So please join me in welcoming Daniel, to our podcast.
Caitlin: Daniel, we are so excited to have you on the show today.
Daniel: Thank you so much for having me, it’s a true pleasure.
C: First to kick things off, tell us a little bit about your background in digital marketing for orthopedic centers.
D: I’ve run a gold medical marketing for about eight or nine years. My background in digital marketing started when I was working within a private spine practice, it was about 10 years ago. I was really at the pivotal point where Google Adwords and even social media started to become patient acquisition tools and there was a shift from traditional marketing. I learned, I guess, on the fly about SEM and about social media marketing and the power of those tools for patient acquisition. So shortly after I worked in that practice, I started this firm. We’ve grown ever since, and it’s been a fun journey.
C: Awesome, awesome. Isn’t that interesting how most people who run agencies got their start in digital marketing and social media just on the fly, you had to learn it while you were in it.
D: It’s funny to talk to some of our employees or some of the people who either majored in in college or are new to it, and they’ve done things like Google tutorials and stuff to learn it and they have a good grasp on, but they don’t.
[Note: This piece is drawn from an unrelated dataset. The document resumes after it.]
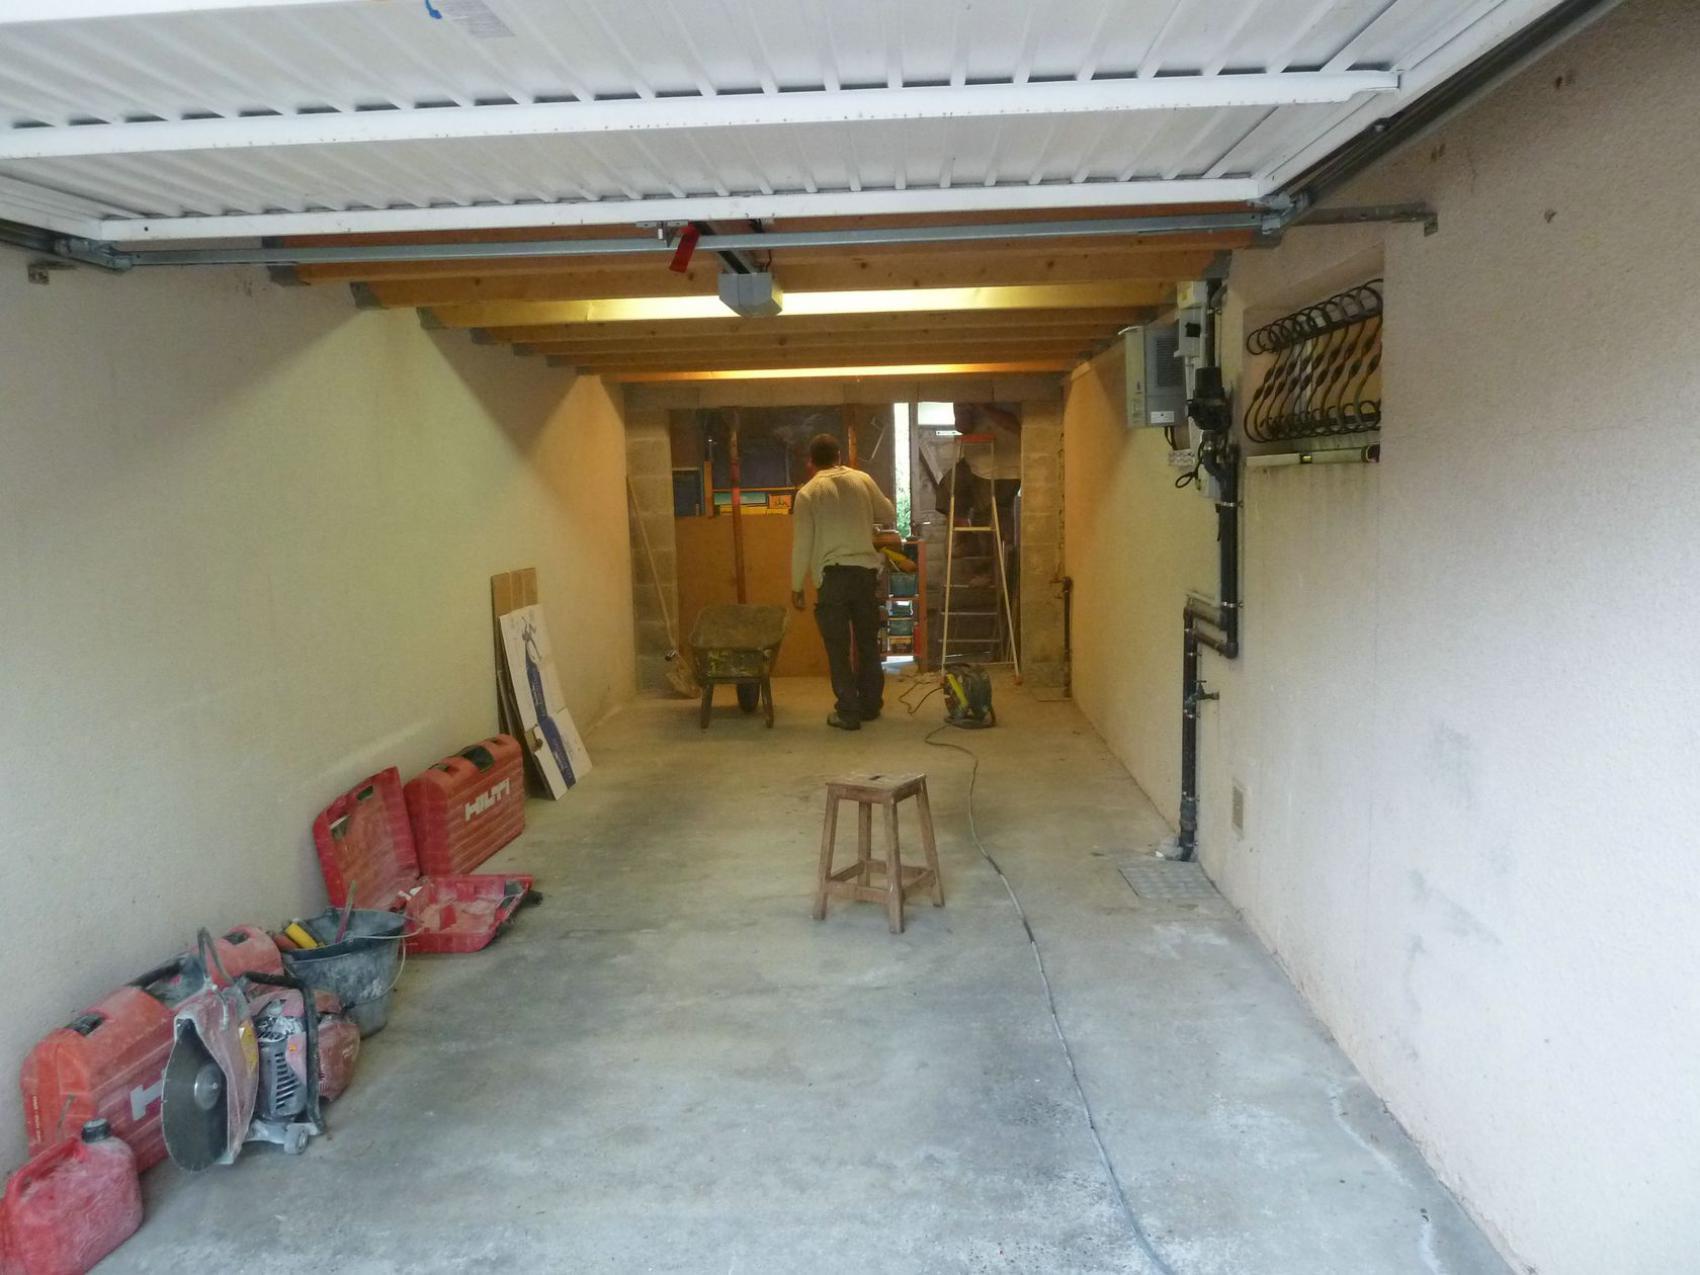 travaux de transformation d 39 une garage en studio la rochelle. Black Bedroom Furniture Sets. Home Design Ideas

It’s interesting to discuss with them some of the changes that have happened over the past five or ten years where what they’re looking at it historically how it worked, and it was a lot more difficult to track things like successes in patient acquisition. Now the data and the data tools are so much more advanced than they were even five or eight years ago.
C: I mean, even three years ago.
D: Yeah, absolutely, the more data that those tools include, the easier it is to work with clients and report meaningful data.
C: Great, well let’s talk a little bit about your practice and your view of digital marketing. So your business, Gold Medical Marketing really takes a holistic approach to marketing. You not only help manage social media or advertising campaigns, but you also encourage a review of website design for healthcare, and analysis of what happens off-line, which a lot of agencies don’t really pay attention to.
Can you describe how your process to digital marketing for healthcare centers differs from traditional digital marketing?
D: As you know, the patient experience, or the patient journey, is different. You have to understand this when you build your website to creating digital marketing campaigns. You have to understand how the patient thinks, how the decision-making process works, and then how to cater to that patient story.
How does your Orthopaedic Website Increase your bottom line?
Something with web design, a lot of times practices will have a website that they like or that they think is the best for them, but whether is it the mobile experience, or the content doesn’t suit the patient, is not what the patient’s looking for, aesthetically and outwardly for you as a practitioner.
Your site can look nice, it could be what you wanted, but the navigation is difficult to understand, the calls to action aren’t there, and those are the things that increase conversion.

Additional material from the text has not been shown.